# Supplied data

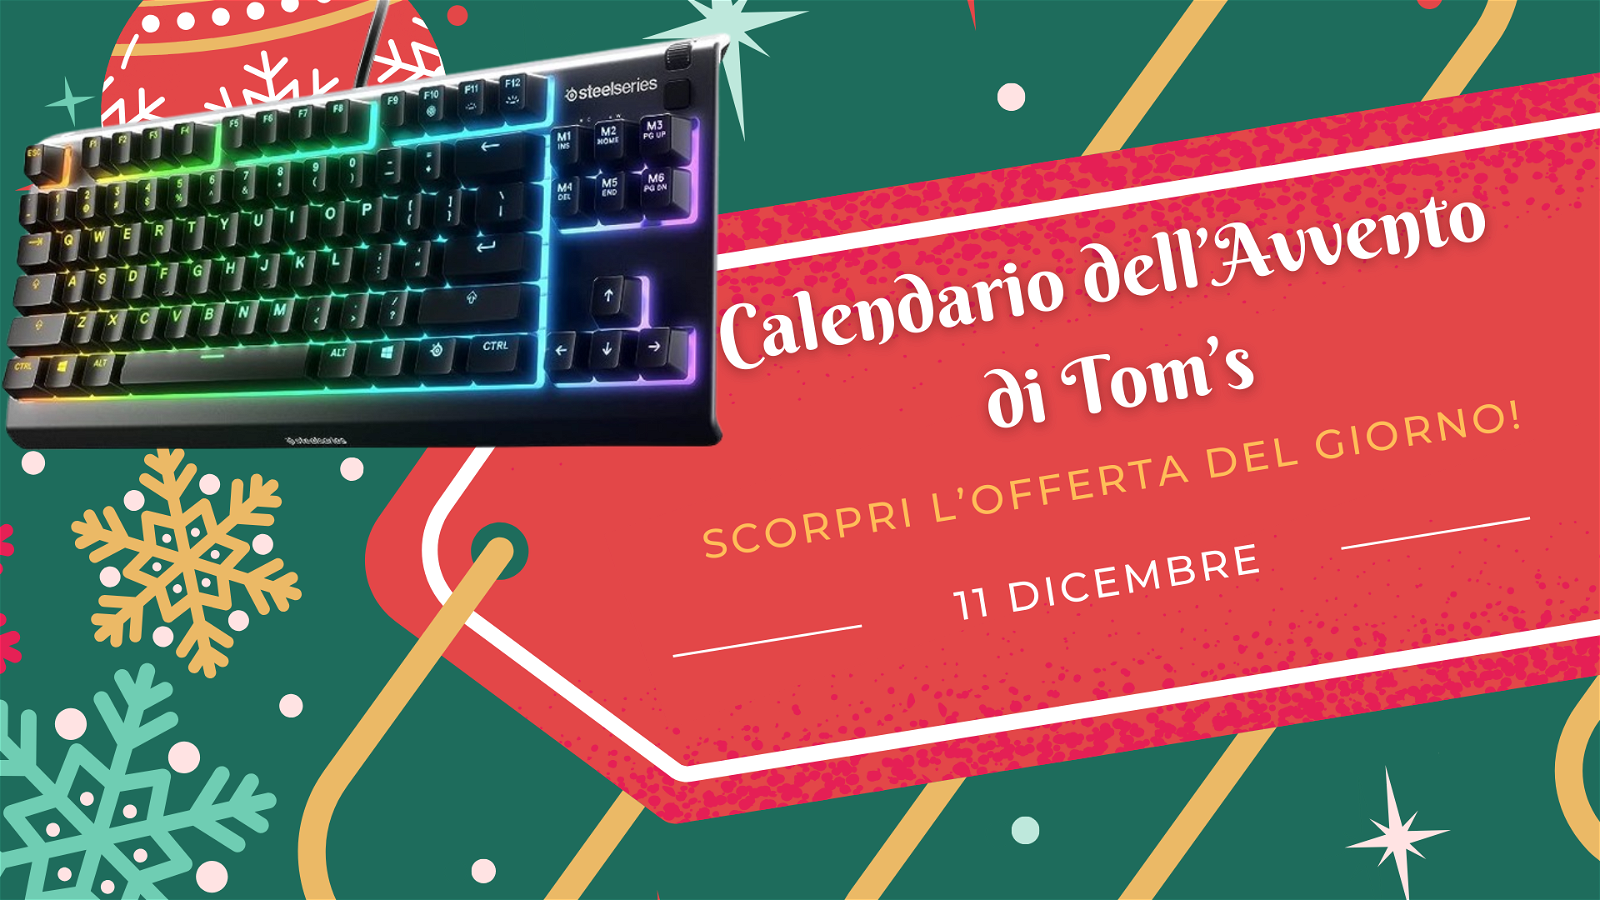 Immagine di Calendario dell'avvento di Tom's: scopri l'offerta dell'11 dicembre
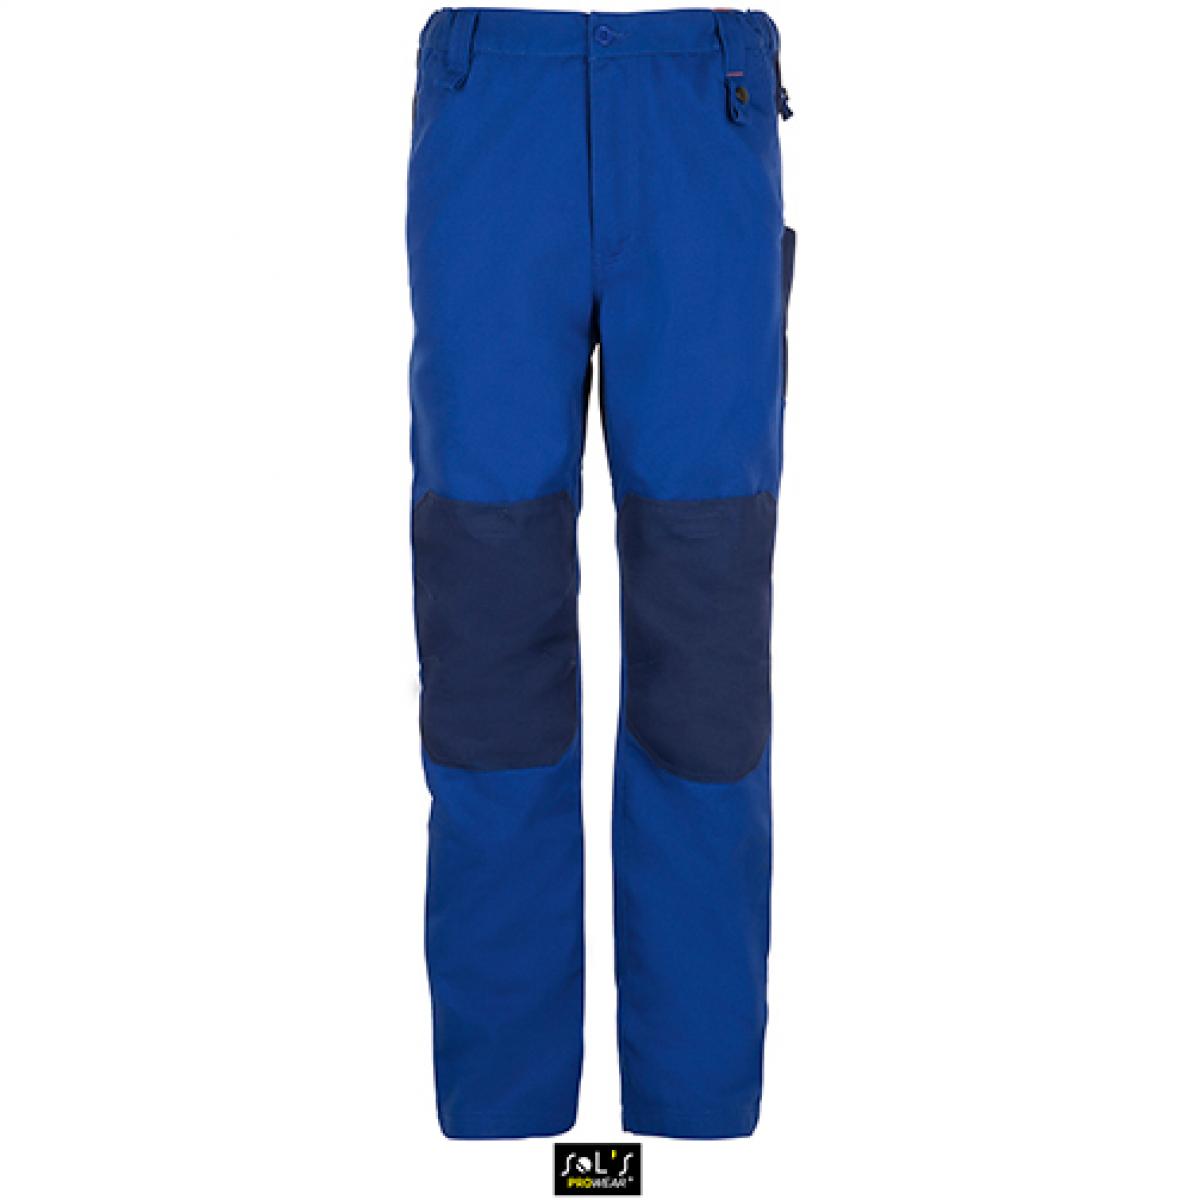 Hersteller: SOLs ProWear Herstellernummer: 01560 Artikelbezeichnung: Men´s Workwear Trousers - Metal Pro Arbeitshose Farbe: Bugatti Blue/Navy Pro
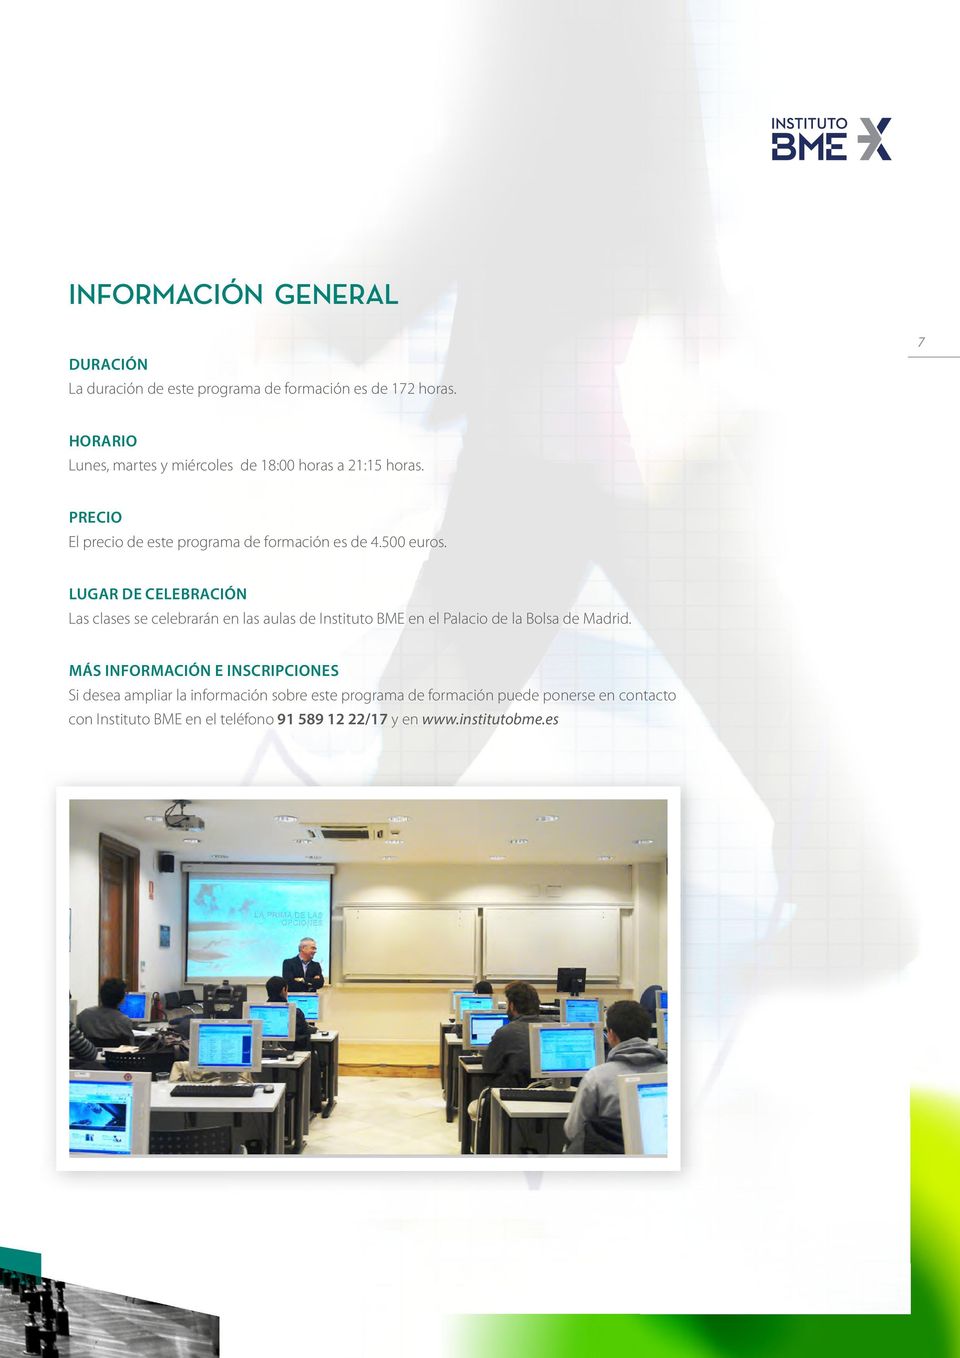 LUGAR DE CELEBRACIÓN Las clases se celebrarán en las aulas de Instituto BME en el Palacio de la Bolsa de Madrid.

# Exercise description
Leaving every picture aside, repeat the listing exactly.

# Reply
 Immagine di Calendario dell'avvento di Tom's: scopri l'offerta dell'11 dicembre
 Hersteller: SOLs ProWear Herstellernummer: 01560 Artikelbezeichnung: Men´s Workwear Trousers - Metal Pro Arbeitshose Farbe: Bugatti Blue/Navy Pro
 LUGAR DE CELEBRACIÓN Las clases se celebrarán en las aulas de Instituto BME en el Palacio de la Bolsa de Madrid.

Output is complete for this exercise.